Focusing particularly on the high exposure of NBFCs to the power sector, which has persistent structural issues, the report underscores the financial instability risks associated with concentrated lending. Any distress in power and infrastructure ventures might ripple across banks, bond markets, and mutual funds.

Additionally, the co-lending model, facilitating banks' partnerships with NBFCs to lend to priority sectors, fortifies the financial networks' interconnectedness, heightening systemic risk. The IMF recommends enhanced scrutiny of NBFCs' lending tendencies and the fortification of risk management frameworks to avert financial upheavals.

The report contrasts NBFCs with banks, citing crucial distinctions: unlike banks, NBFCs are barred from accepting demand deposits, their deposits lack insurance, and they do not access liquidity facilities or payment systems of the Reserve Bank of India (RBI). The IMF suggests bolstering liquidity regulations, particularly for NBFCs with significant infrastructure stakes.

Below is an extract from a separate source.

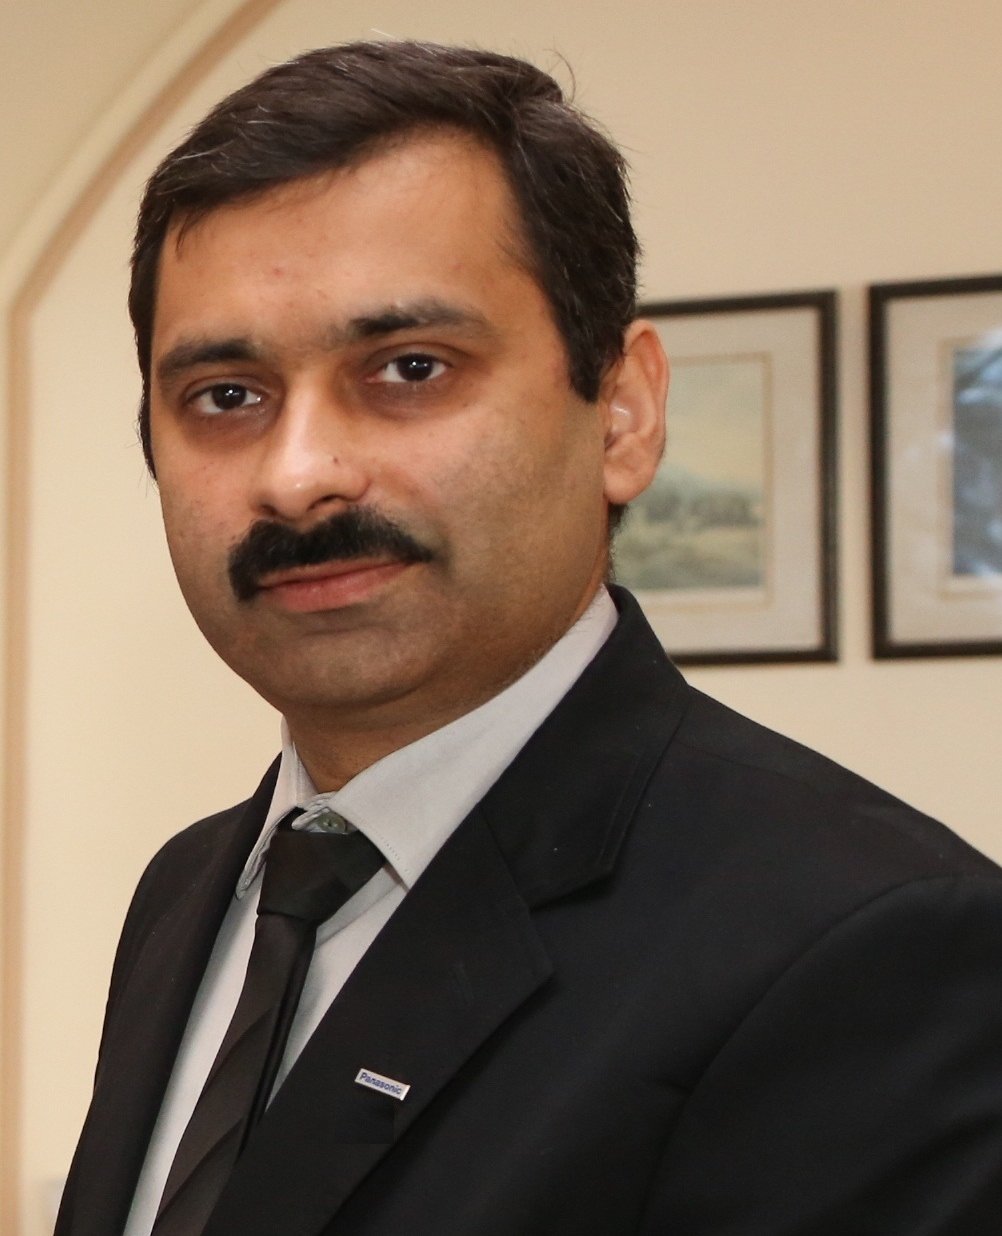 Mr Gunjan Sachdev is the general manager (National Business Head), Toughbook, Panasonic India - an industry leader in rugged, reliable handheld and tablet computers. In his role, Gunjan is responsible for the overall leadership, growth and strategy of the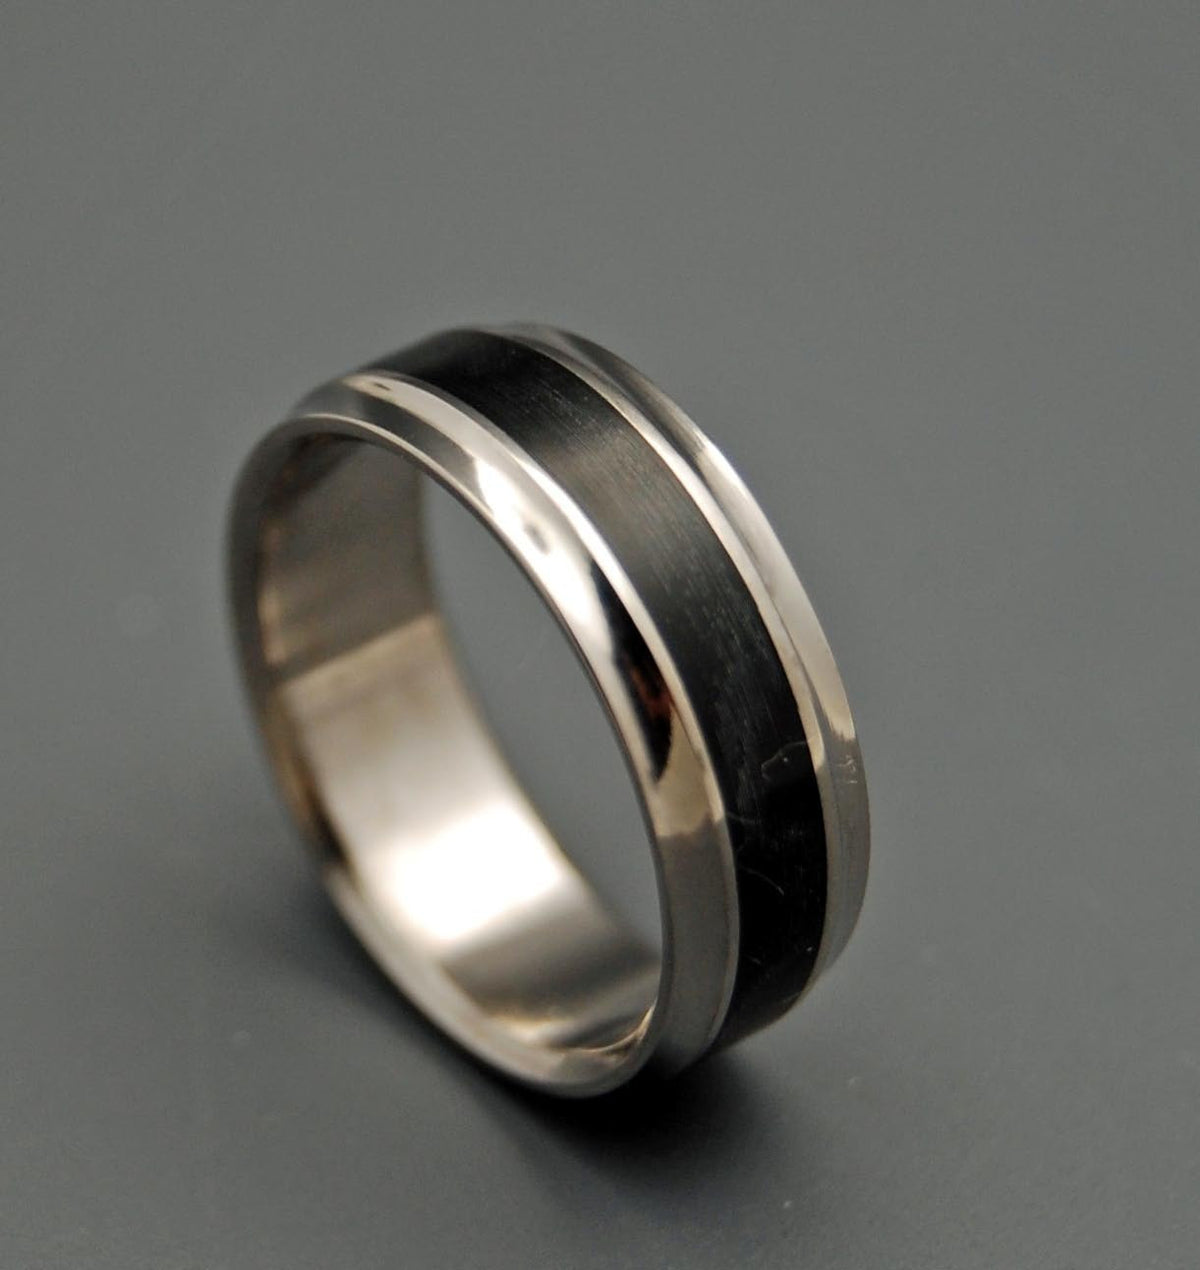 Black Beauty | Handcrafted Titanium Wedding Ring - Minter and Richter Designs

India's corporate bond market's underdevelopment forces NBFCs to rely heavily on domestic banking institutions and mutual funds for financing. This interconnectedness has historically led to liquidity crises, often tied to significant withdrawals in the mutual fund industry during corporate bond market disruptions. Nevertheless, India has substantially advanced in financial inclusion, with around 80% adult financial account ownership, aided by robust banking networks and digital public infrastructure growth, such as the Unified Payments Interface (UPI).

Furthermore, the burgeoning of retail investors in equities has positioned India among the largest global markets for equity options trading. With total assets reaching nearly 190% of GDP, India's financial system is diverse and advanced. Banks account for approximately 60% of the financial system's assets, yet NBFCs have significantly expanded their market share.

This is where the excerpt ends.